PESHAWAR (Reuters) -- A car bomb has killed at least 20 people and wounded scores in the northwestern Pakistani city of Peshawar, officials said.
The blast occurred near an assembly hall of minority Shi'ite Muslims in a crowded part of the city on December 5. One building collapsed in flames and several others were badly damaged and on fire.
"It shook the entire area like an earthquake," said resident Rahim Gul as he tried to remove rubble with his bare hands. "It was a huge and terrible explosion. As we reached here it was all burning. There was rubble all around."
Khizar Hayat, the chief doctor at the city's main government hospital, said at least 20 people had been killed and 50 wounded, 20 of them seriously.
He appealed to townspeople to donate blood for the wounded.
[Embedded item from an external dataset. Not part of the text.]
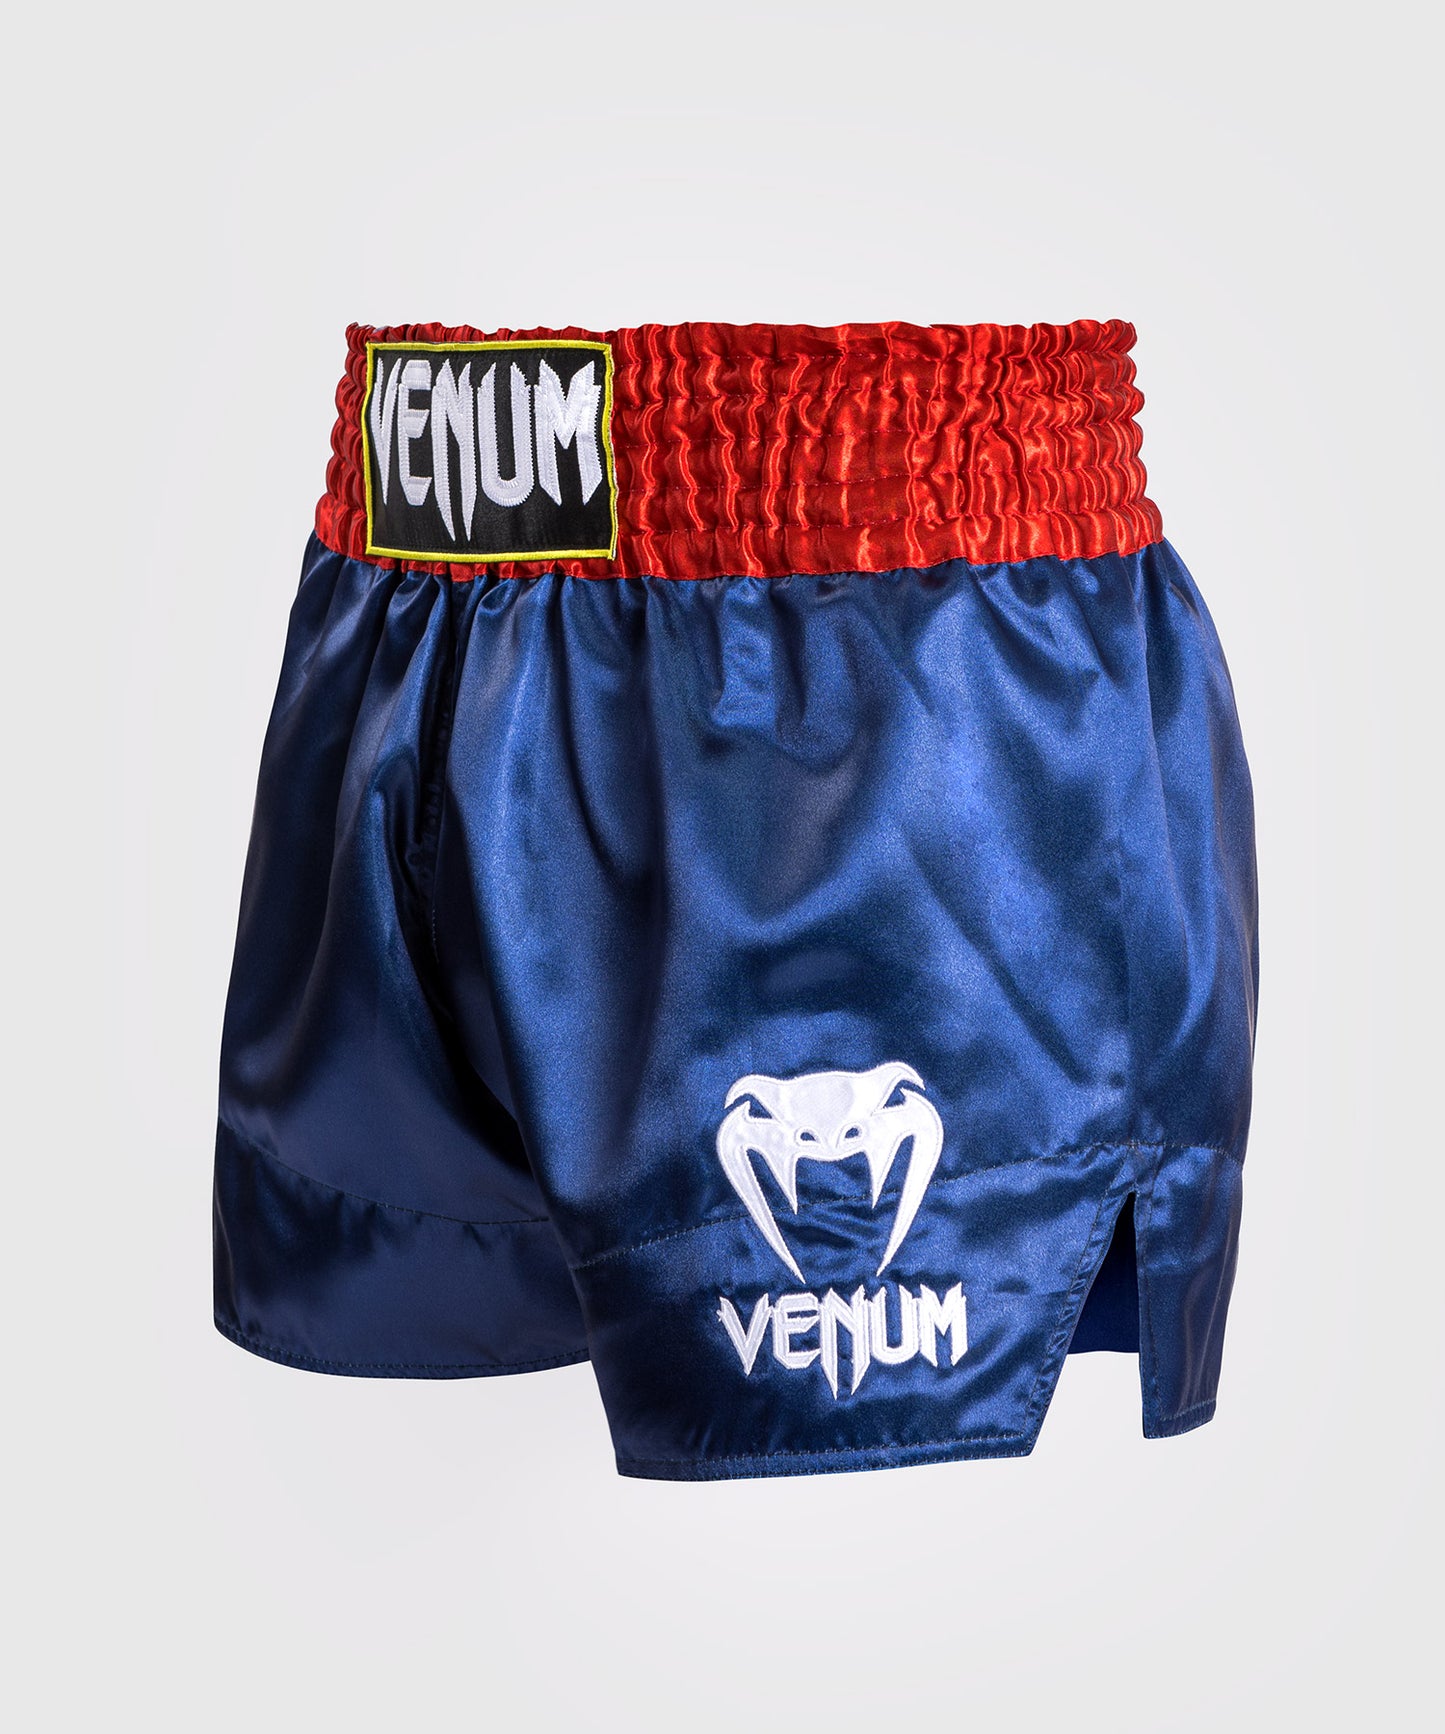 Venum Klassiek - Muay Thai-short - Blauw/Rood/Wit

The blast was caused by an explosives-laden car parked near the assembly hall. Police said it was not clear whether the explosives were detonated by a suicide bomber or by remote control.
The blast knocked out power supplies in the street, and rescue workers were hampered by a throng of angry and wailing people.
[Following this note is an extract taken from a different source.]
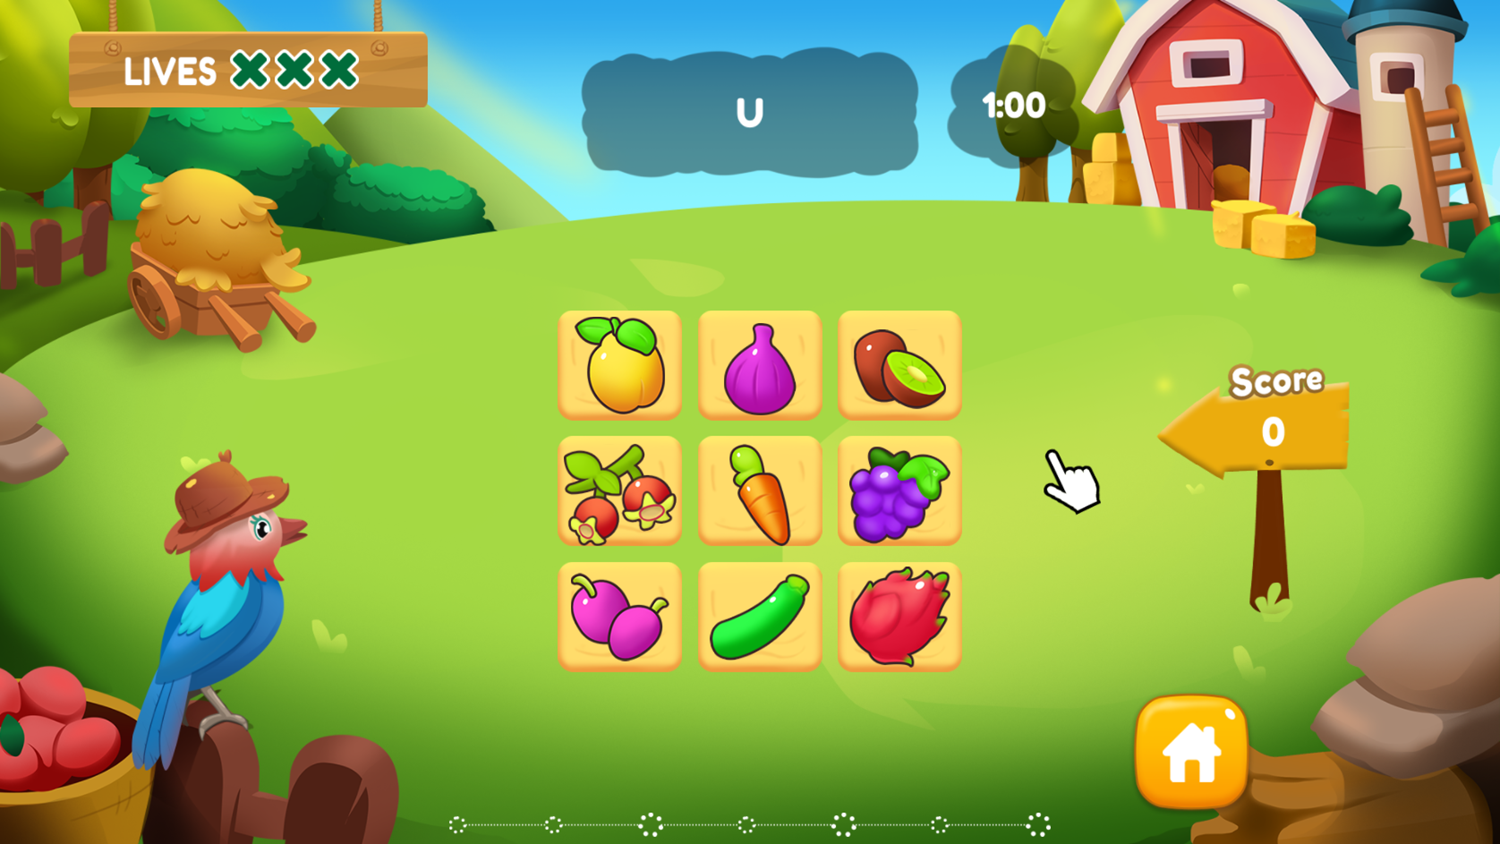 The Farm Land Game Level Start Screenshot.

Northwest Frontier Province police chief Malik Naveed Khan said the bomb contained 20-25 kilograms of explosives.
Sunni Muslim militant groups have launched several gun and bomb attacks on minority Shi'ites in the northwest in recent weeks in worsening sectarian violence.
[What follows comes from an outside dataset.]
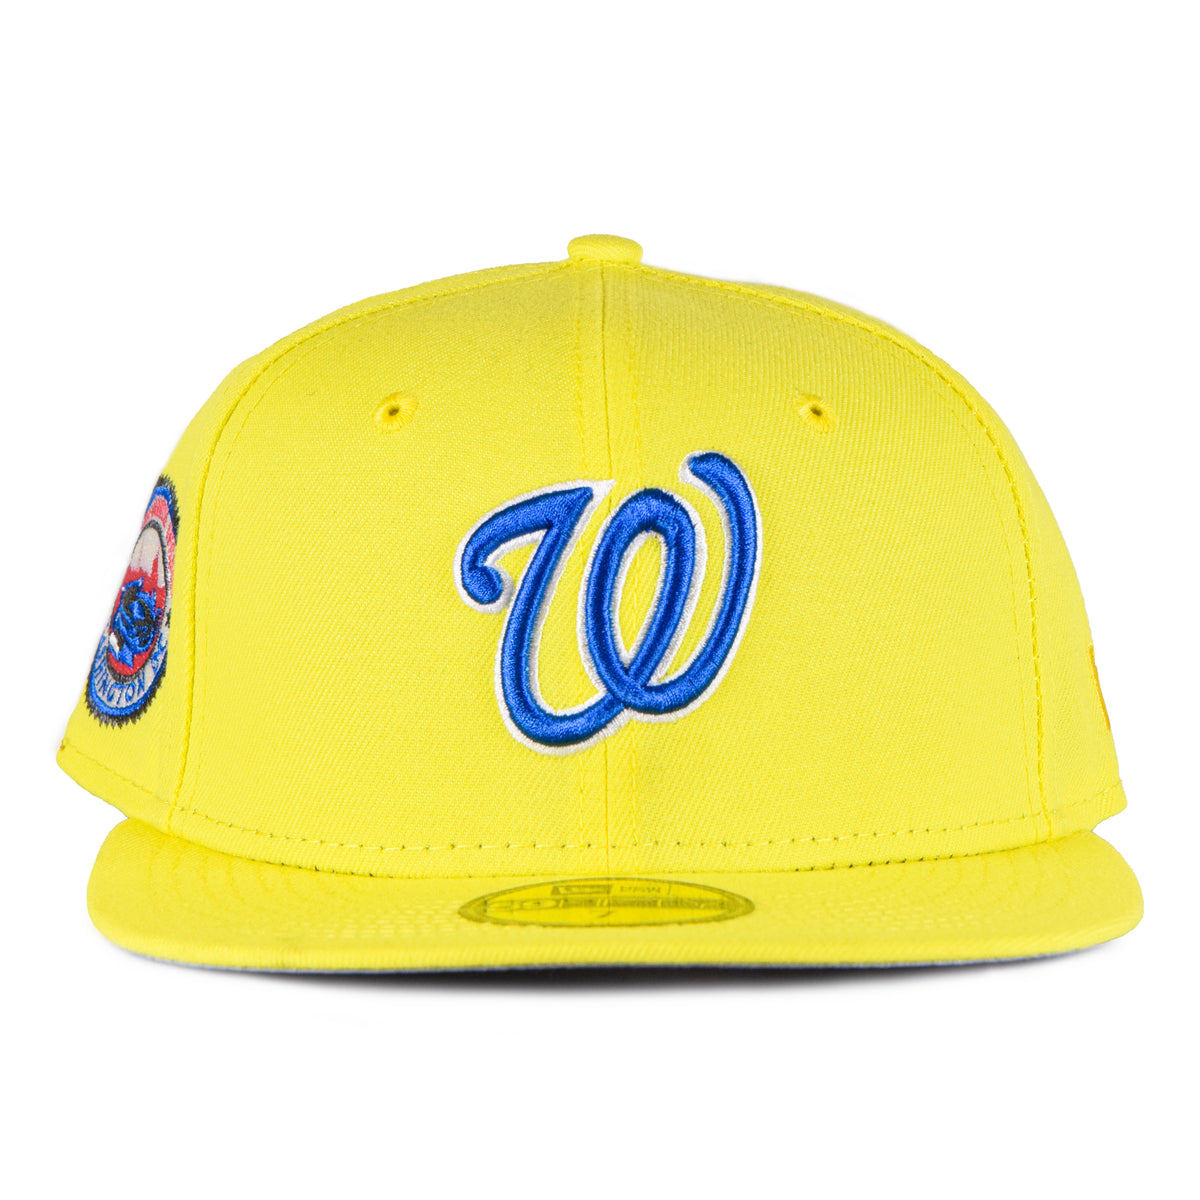 Washington Nationals Caps

Earier in the day, a suicide car bomb killed at least six people in an attack apparently aimed at Shi'ites in the Orakzai ethnic Pashtun tribal region, also in northwest Pakistan.
The bomber drove towards the scene of a tribal council meeting, or jirga, called by Shi'ite Muslims to settle a dispute with majority Sunni Muslims.
"The bomber tried to drive into a market in a Shi'ite neighbourhood where the meeting was taking place but blew up his car when police tried to stop him at a checkpoint," said an intelligence agency official who declined to be identified.
A government official said seven people had been killed in the attack in Kalaya, the main town in Orakzai, while resident Mohammad Hanif said he had seen six bodies at the scene.
"Some of them were policemen," Hanif said by telephone.
Thousands of people have been killed in tit-for-tat sectarian violence going back to the 1980s.
The majority of Pakistan's Muslims are Sunni but around 15 percent of the nation of 170 million people are Shi'a.
Sectarian violence has flared in northwest Pakistan over the past year, mostly in the Kurram region on the Afghan border.
Security analysts say al Qaeda and Taliban militants, who are Sunnis and are bitterly opposed to Shi'ites, have stirred up sectarian strife as they expand their influence through the northwest.